_THE PROBLEM_
Copy out exactly, from the entries that follow, the line holding "Pre-owned Gant Trousers In Navy", the line holding "To model the path", and all lines between them, but no pictures.

_INFORMATION GIVEN_
◆ ◆ ◆ ◆ ◆
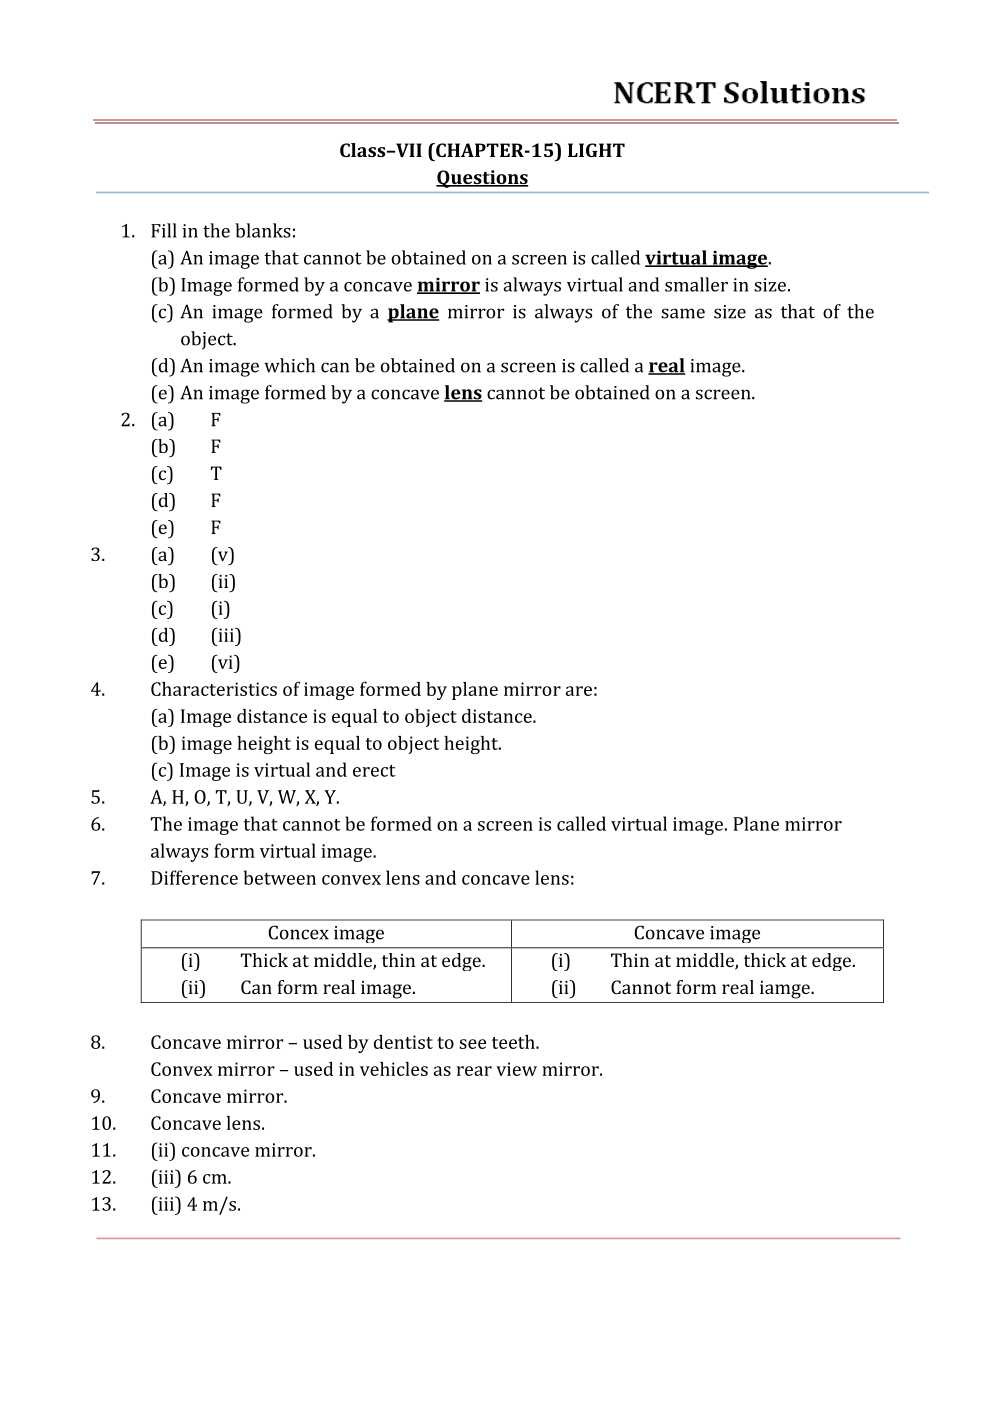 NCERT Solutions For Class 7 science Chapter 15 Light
◆ ◆ ◆ ◆ ◆
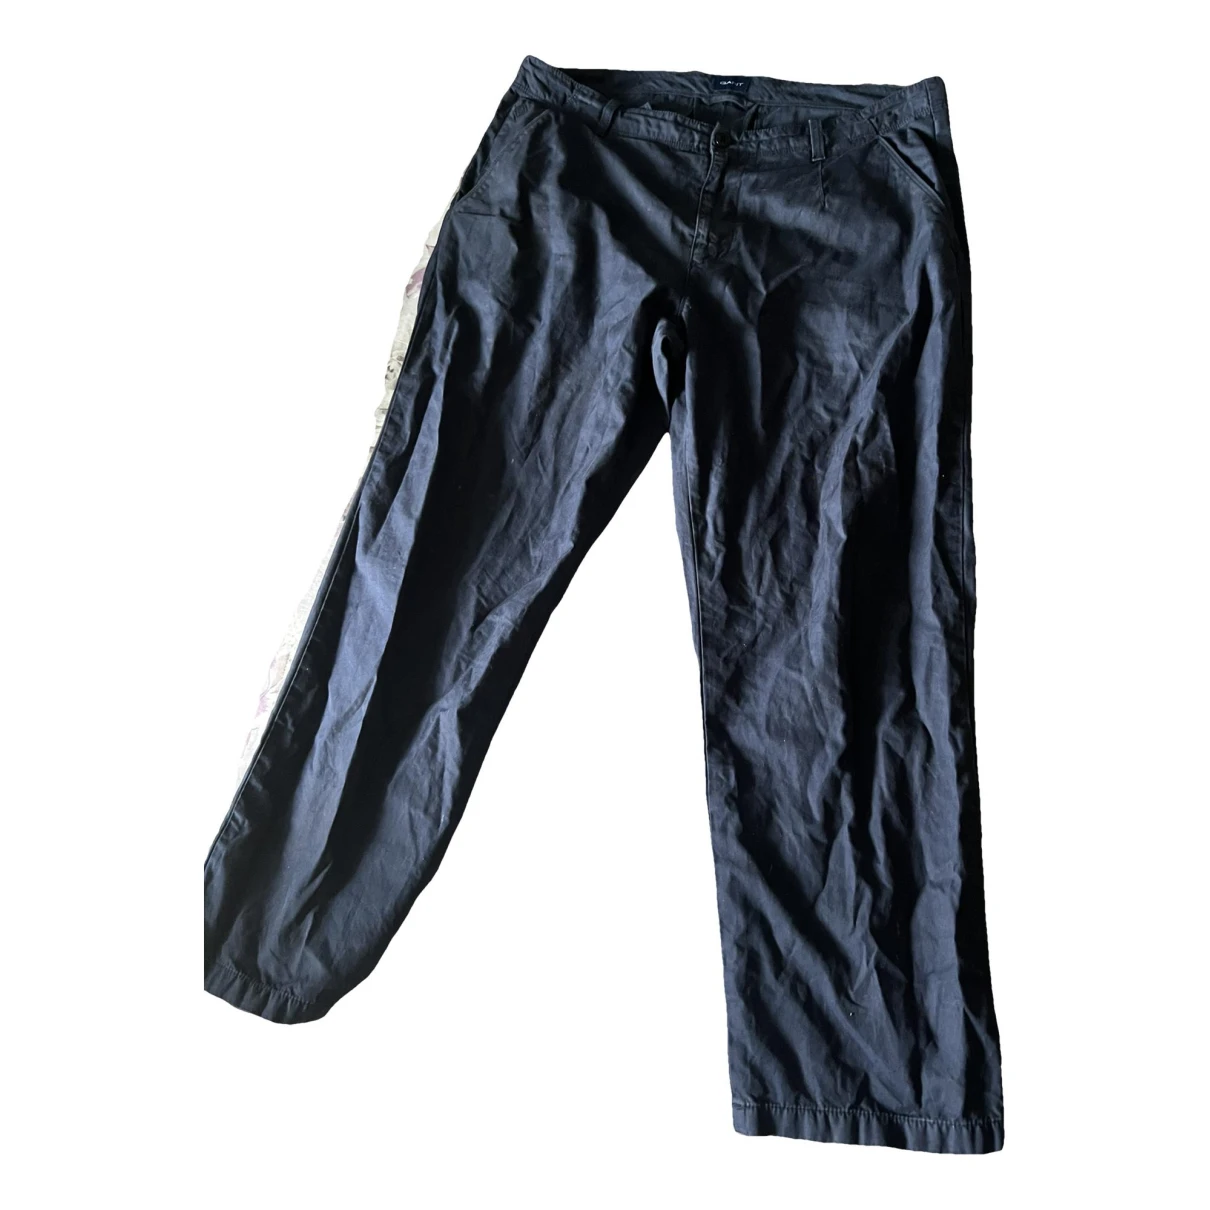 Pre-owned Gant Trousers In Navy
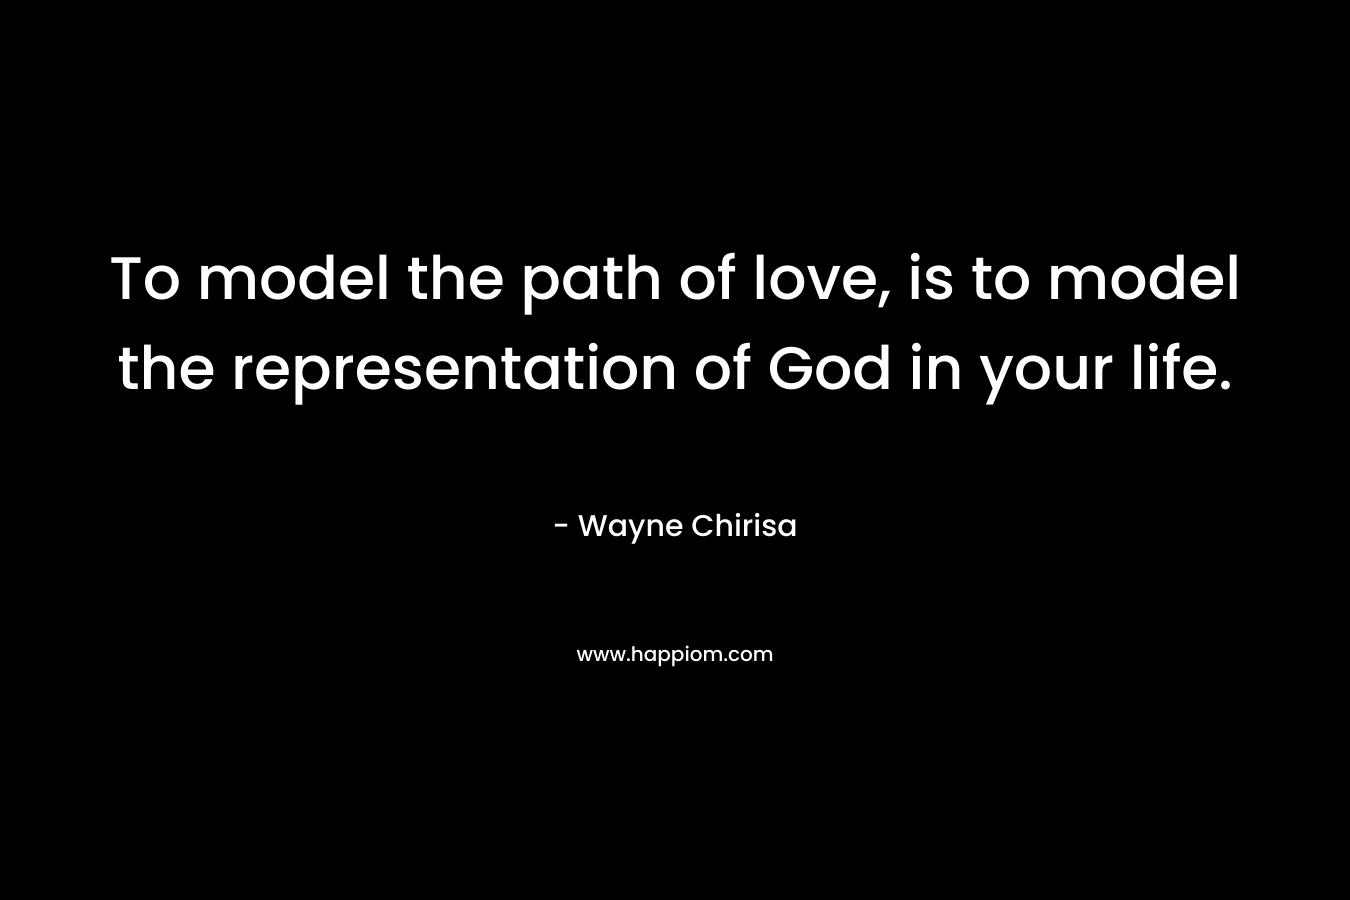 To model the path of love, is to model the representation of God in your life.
◆ ◆ ◆ ◆ ◆
_EXERCISE SOLUTION_
 Pre-owned Gant Trousers In Navy
 To model the path of love, is to model the representation of God in your life.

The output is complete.